What the task asks:
In the listing below, locate the line containing "Last Minute Prime Day Fishing Gear Deals" and the line containing "Cast Iron coat". Output both of them and every line between, exactly as written, and nothing more.

Extracted records:

────────────────────

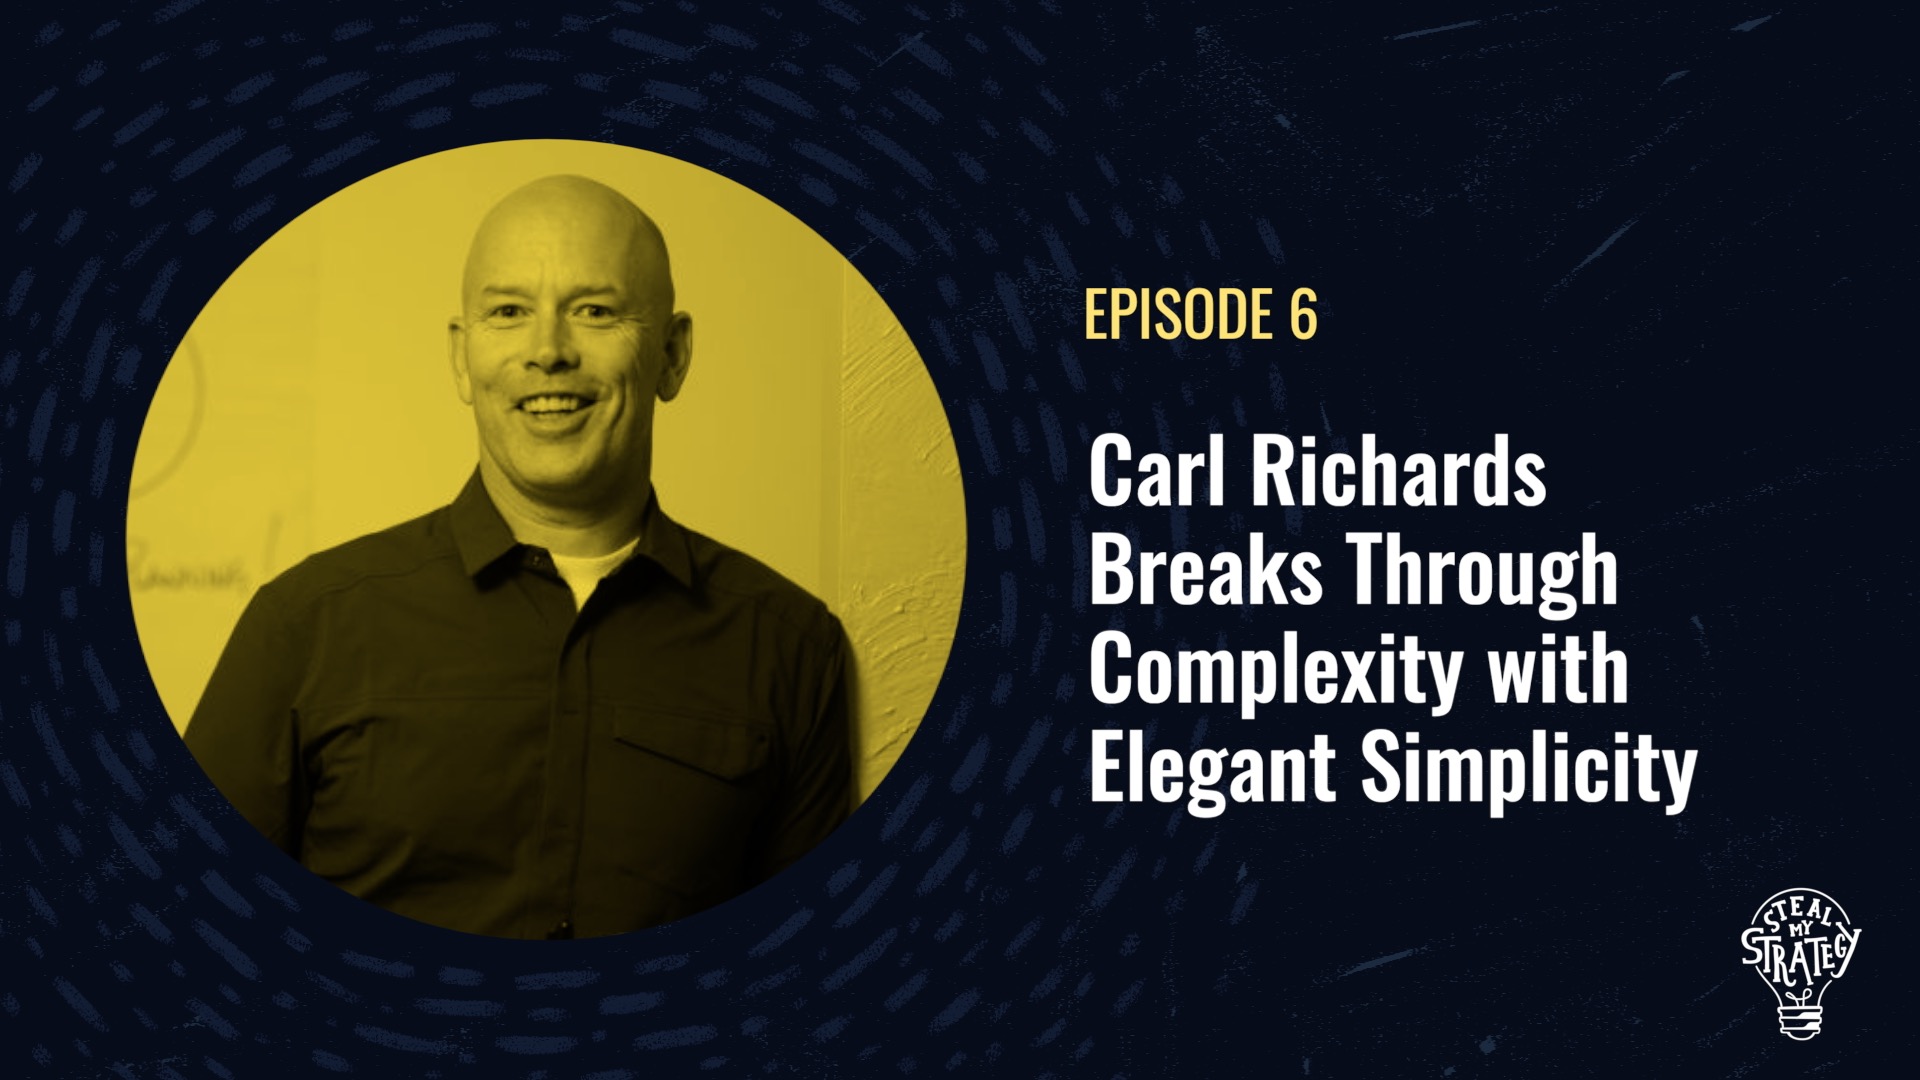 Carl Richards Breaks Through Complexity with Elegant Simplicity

────────────────────

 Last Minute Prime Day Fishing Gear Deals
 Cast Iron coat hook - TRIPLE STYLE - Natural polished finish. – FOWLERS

────────────────────

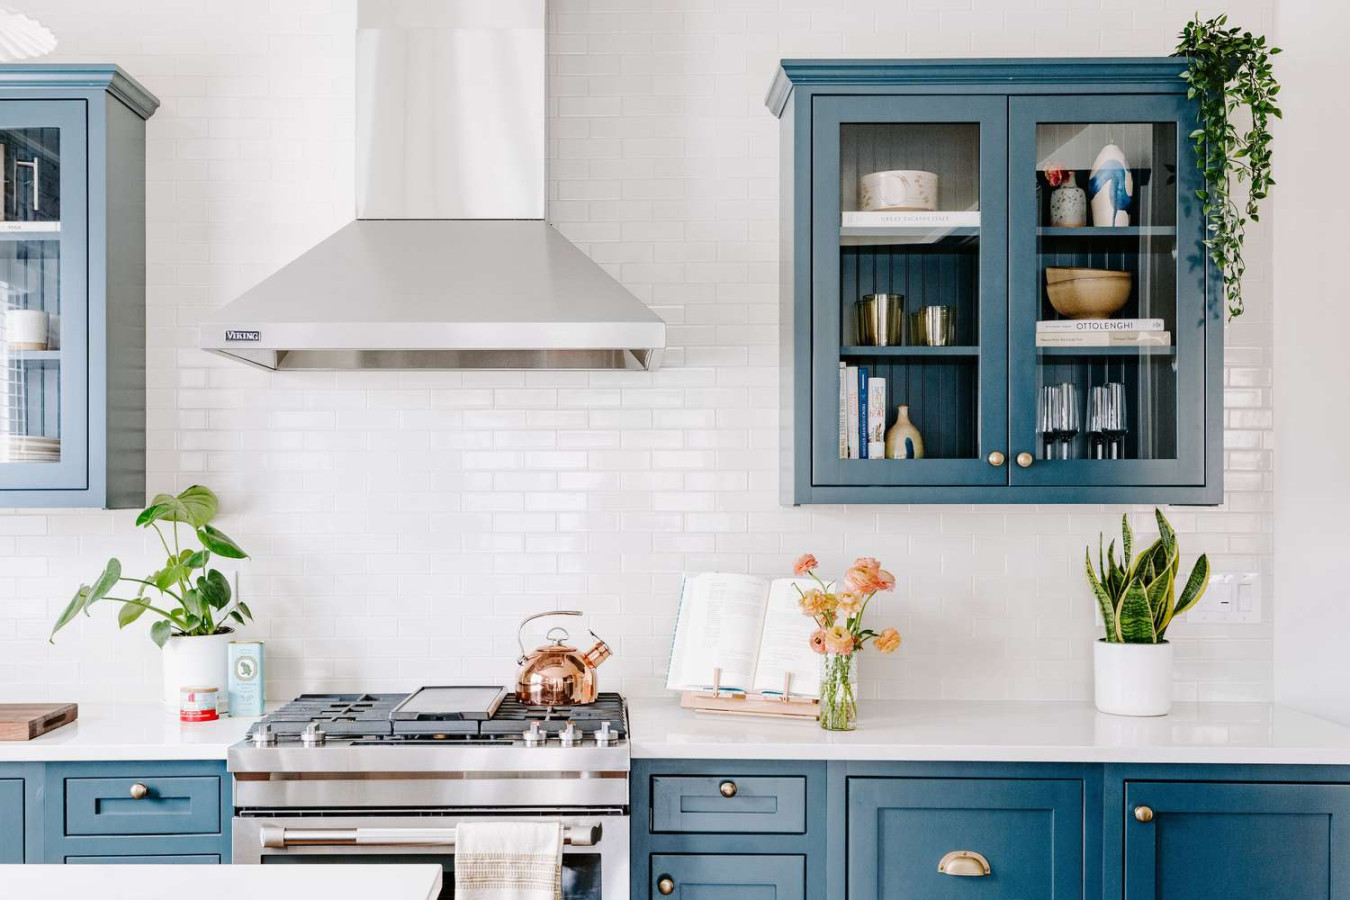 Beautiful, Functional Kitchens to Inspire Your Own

────────────────────

Answer below:
 Last Minute Prime Day Fishing Gear Deals
 Cast Iron coat hook - TRIPLE STYLE - Natural polished finish. – FOWLERS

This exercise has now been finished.